My model based on 3 convolutions has no problems converging when using dropout and LRN. After i substituted both layers out with a batch norm layer, it no longer converges. I believe im using it correctly but doesn't work no matter how small the learning rate i set is.

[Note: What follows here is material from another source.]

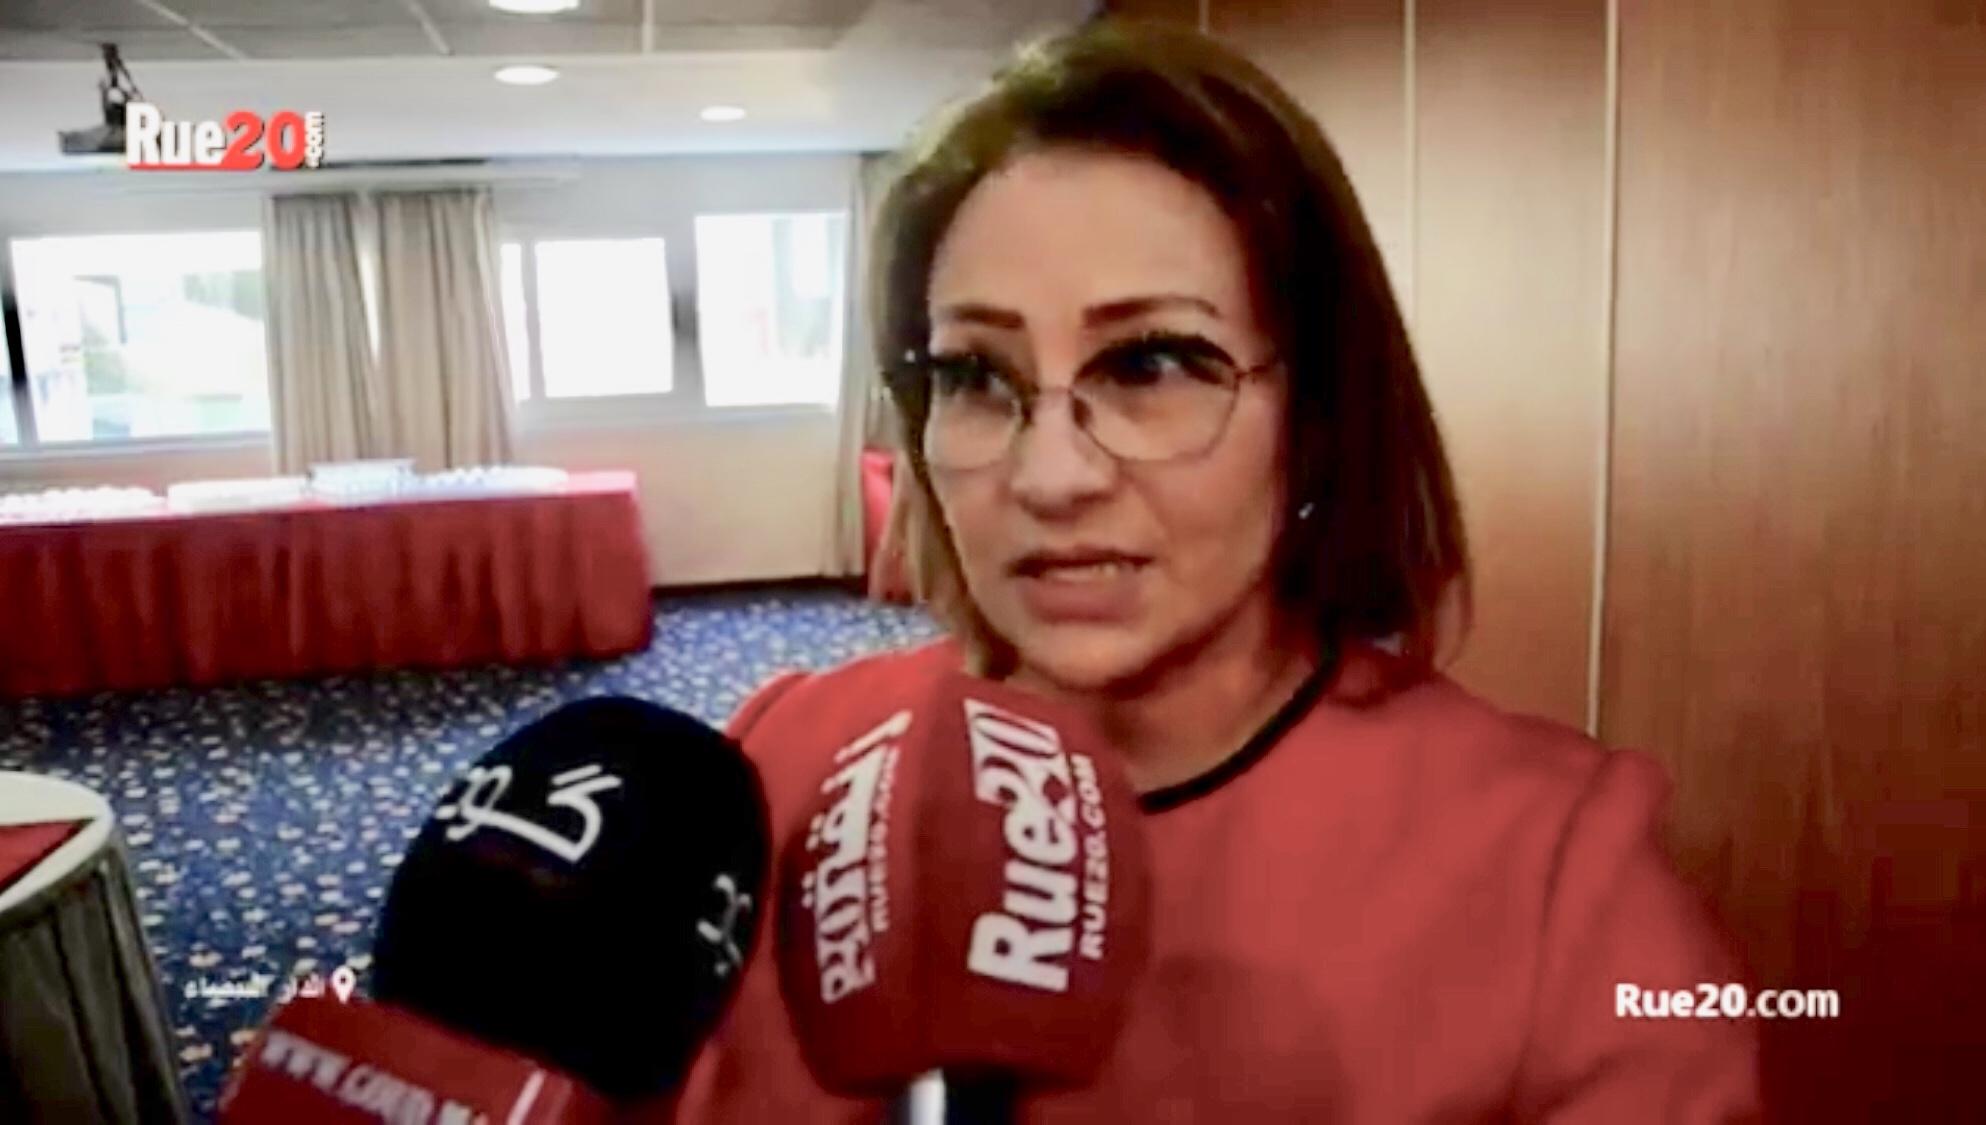 فيديو/رئيسة جمعية القضاة: لن نسمح لأحد مهما كان موقعه بإهانة القضاء والتشكيك في نزاهته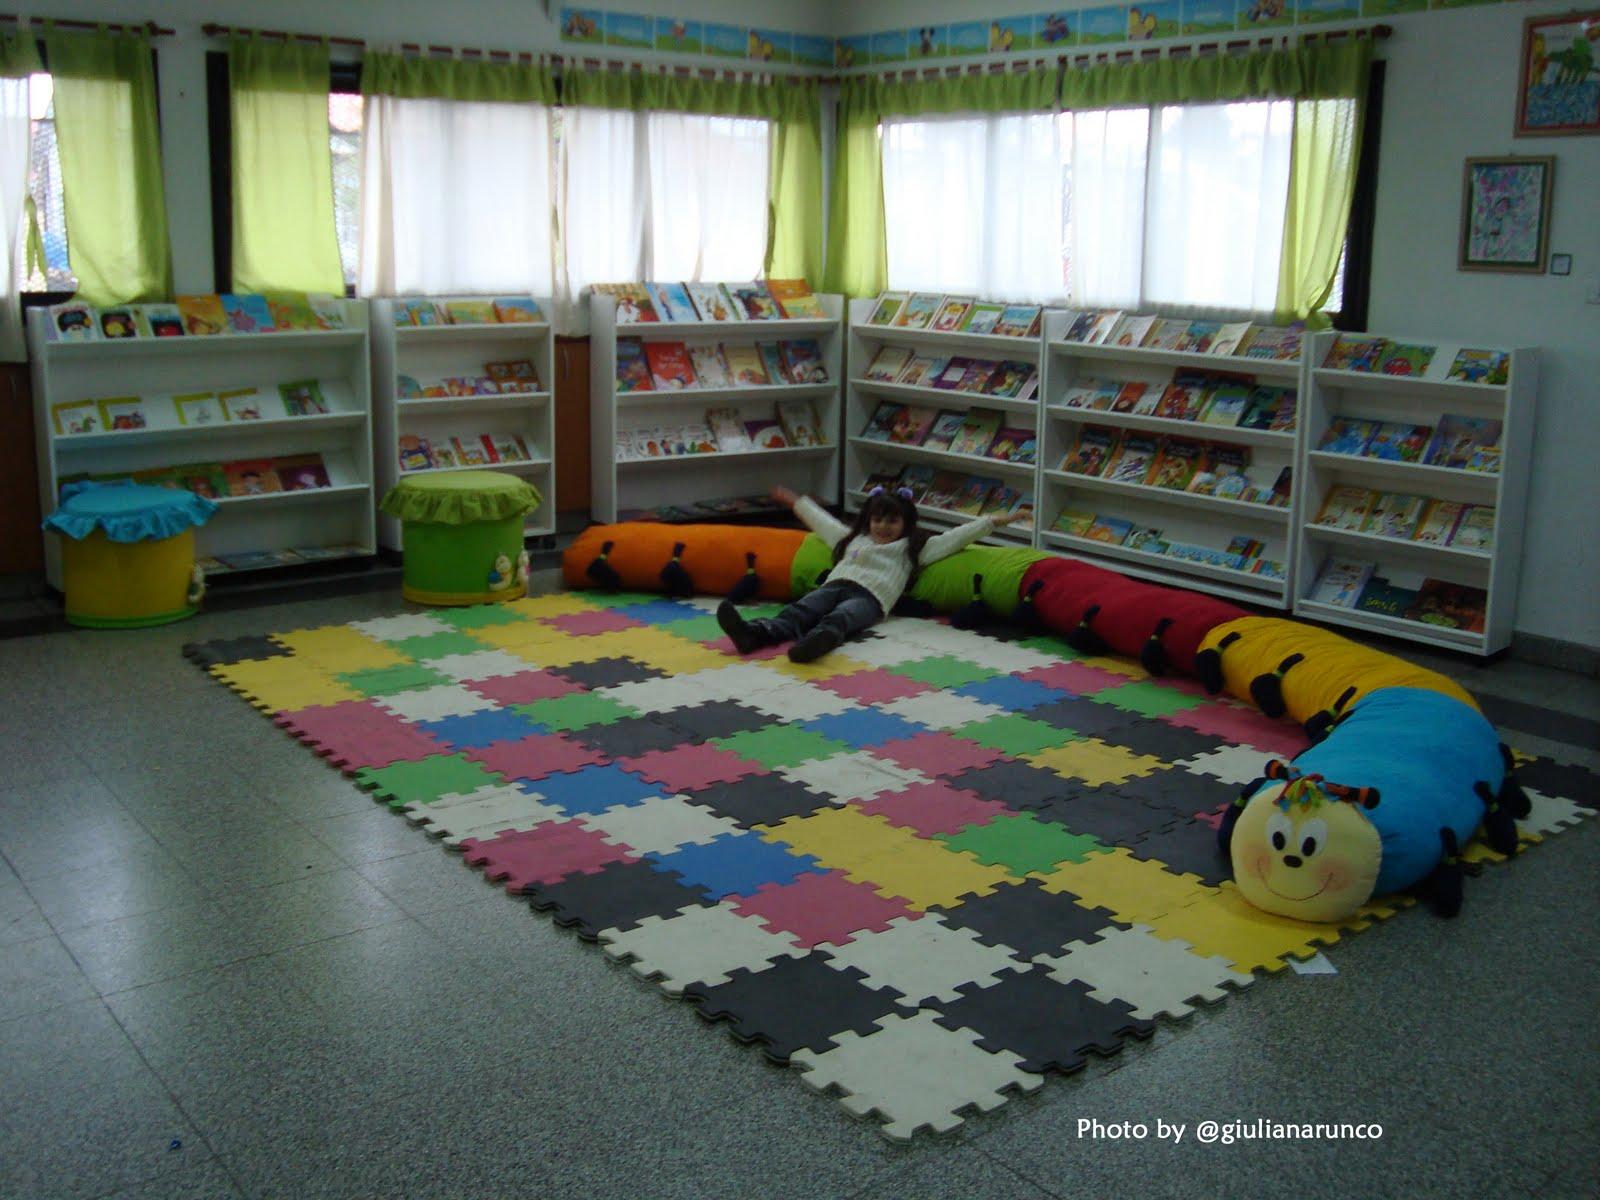 Playhouse disney y fundaci n leer inauguran biblioteca en un jard n de pablo podest for Juegos para nios jardin de infantes

Can anyone here shed some light on why?
Original Model:

layer {
name: "conv1"
type: "Convolution"
bottom: "data"
top: "conv1"
param {
lr_mult: 1
}
param {
lr_mult: 2
}
convolution_param {
num_output: 48
pad: 0
kernel_size: 5
stride: 1
weight_filler {
type: "xavier"
}
bias_filler {
type: "constant"
}
}
}
layer {
name: "drop1"
type: "Dropout"
bottom: "conv1"
top: "conv1"
dropout_param {
dropout_ratio: 0.5
}
}
layer {
name: "relu1"
type: "ReLU"
bottom: "conv1"
top: "conv1"
}
layer {
name: "norm1"
type: "LRN"
bottom: "conv1"
top: "norm1"
lrn_param {
local_size: 3
alpha: 0.0001
beta: 0.75
}
}
layer {
name: "pool1"
type: "Pooling"
bottom: "norm1"
top: "pool1"
pooling_param {
pool: MAX
kernel_size: 2
stride: 2
}
}
.... Repeat x3
New Model:

layer {
name: "conv1"
type: "Convolution"
bottom: "data"
top: "conv1"
param {
lr_mult: 1
}
param {
lr_mult: 2
}
convolution_param {
num_output: 48
pad: 0
kernel_size: 5
stride: 1
weight_filler {
type: "xavier"
}
bias_filler {
type: "constant"
}
}
}
layer {
name: "relu1"
type: "ReLU"
bottom: "conv1"
top: "conv1"
}
layer {
name: "conv1_BN"
type: "BatchNorm" include { phase: TRAIN}
bottom: "conv1"
top: "conv1_BN"
param {
lr_mult: 0
decay_mult: 0
}
param {
lr_mult: 0
decay_mult: 0
}
param {
lr_mult: 0
decay_mult: 0
}
batch_norm_param {
use_global_stats: false
moving_average_fraction: 0.95
}
}
layer {
name: "conv1_BN"
type: "BatchNorm" include { phase: TEST}
bottom: "conv1"
top: "conv1_BN"
param {
lr_mult: 0
decay_mult: 0
}
param {
lr_mult: 0
decay_mult: 0
}
param {
lr_mult: 0
decay_mult: 0
}
batch_norm_param {
use_global_stats: true
moving_average_fraction: 0.95
}
}
layer {
name: "pool1"
type: "Pooling"
bottom: "conv1_BN"
top: "pool1"
pooling_param {
pool: MAX
kernel_size: 2
stride: 2
}
}
.....repeat x3